Царь казался взволнованным. Никогда ему не представлялась такою легкою возможность первой морской виктории. И вдруг!.. Да это вероподобно, рассказ старика дышит такой простотой, такой уверенностью… А он и не подозревал о существовании тут лесной речонки, обходной струи, в которую корабли не могут попасть, но которая именно создана для его легких лодочек… Промысл Божий… Дверь райская отворяется… старик – это посланник Божий, это новый старец Пелгусий[13], который предсказал победу Александру Невскому, тут же, на берегах этой самой заколдованной Невы…

 

– И ты верно, старичок, знаешь, что есть здесь обход лесом? – с волнением спрашивал царь.

– Есть, осударь, Мыя называется.

– И ты проведешь по ней мои кочи?

– Проведу, как не провести.

…Ночь тихая, прозрачная, с широкою зарею от заката до востока, с прозрачно-голубоватым небом, с робко мигающими звездами, которые как бы боятся, что вот-вот из-за темного бора выглянет бессонное солнце и прогонит их с бледного неба. Но все же это ночь, обязывающая ко сну и к покою. Спит полуразрушенный Ниеншанц, окруженный белыми палатками. Это русское войско, которое тоже спит, оберегаемое дремлющими часовыми. Спит темная Нева, и только слышится ее тихий, сонный шепот – это катится сонная вода речная от Ладоги до самого моря. Спят, уткнувшись в берега, словно утки, маленькие лодочки, составляющие флотилию царя. А среди них, среди этих серых уточек, спят две огромные птицы, не то гуси, не то лебеди… Это два шведских корабля, взятые с бою маленькими русскими лодочками.

Не спит один кто-то… Вот на берегу реки стоит этот кто-то, задумчиво глядя на воду, на реку, сонно бегущую к морю. Кому же больше быть, как не царю? У кого другого такой нечеловеческий рост в полтора роста человеческого? У него одного только.

Да, это он, он не спит. Не спится ему после первой славной морской виктории. Могучие грезы одолевают беспокойную голову царя. Радостью и гордостью блестят его глаза всякий раз, как они останавливаются на шведских кораблях.

«Все это мое – мое отныне и до века, – думается царю. – На сем месте созижду дом мой, и будет стоять он, пока стоит Российское государство, пока земля стоит».

И он нетерпеливыми шагами начинает ходить по берегу, останавливается, размеривает, говорит сам с собою… А беспокойная мысль забегает вперед. Уже ему видится на этом месте громадный город, весь изрезанный каналами, охраняемый неприступною крепостью, и корабли, корабли…
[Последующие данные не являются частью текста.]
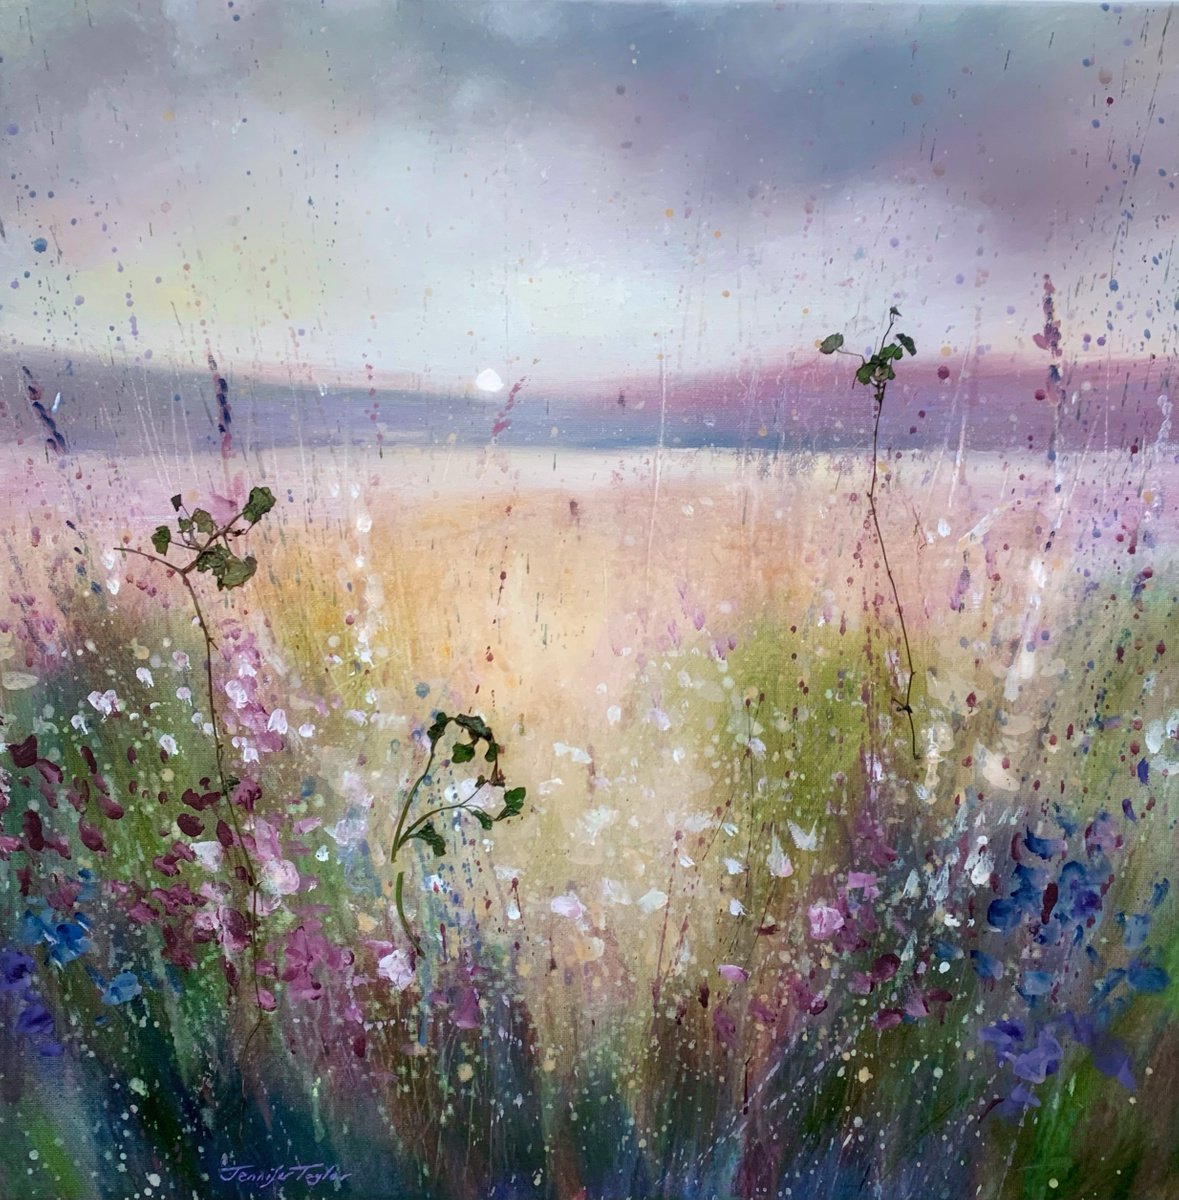 The First Light Of Spring - Oil On Linen With Real Pressed Wildflowers By Jennifer Taylor by Jennifer Taylor

Никогда в жизни Петр не был так счастлив, как в этот день. То, о чем он мечтал с детства, с тех пор как увидал Переяславское озеро, для чего он подтянул на дыбу всю Россию, сбывалось: ноги его стояли на клочке земли, который омывала морская вода, вода европейского моря, и этот клочок земли был его собственностью, и никто у него этого клочка не отымет… А эти два чудовища морские, и их он взял с бою, как и этот клок земли…

Теперь у него будут свои морские чудовища, им есть где разгуляться, расправить свои белые крылья…

– Пойду напишу про свою радость Аннушке да князю-кесарю, – сказал он, топнув ногой…

И он быстро пошел к своей палатке. Ему не спалось в доме, не спалось под крышей, его тянуло под открытое небо, а потому он и по взятии Ниеншанца оставался в походной палатке, где и работал, и спал.

У входа в палатку стояли часовые. Царь, отдернув полог, увидел, что у самого входа лежит что-то на пологе, скомкавшись в клубочек.

– А, это ты, Павлуша, – сказал царь. – Ступай к себе, спи, я еще писать буду.

Ягужинский, не совсем очнувшись от сна, тихо удалился в свое отделение палатки. Но царь тотчас же вернул его.

– А бумаги Кенисена где? – спросил он.

– У тебя на столе, государь, – отвечал юноша, бледнея и со страхом глядя на царя.

– Хорошо, ступай, спи.

Но Ягужинскому не довелось спать в эту ночь…

Он внимательно стал слушать из-за наружной перегородки, что делает царь… Все слышно, слышно даже его могучее дыхание, слышно, как он потянулся, зевнул, хрустнул пальцами и присел к своему походному столу.

– Боже, благодарю Тебя! – слышалось из-за перегородки. – Сна мне нет от великого счастья… Какой день, какой славный день…

Послышался шорох бумаги, хруст взламываемого сургуча… У Ягужинского сердце упало… Скоро, сейчас он увидит это страшное…

– Эх, бедный, бедный Кенисен! Не дожил ты до моего счастья, – слышался тихий, задумчивый говор царя с самим собою. – Посмотрим, что-то у тебя тут есть… А! Что это такое?

«Страшное… страшное увидал», – думал Павлуша, дрожа всем телом.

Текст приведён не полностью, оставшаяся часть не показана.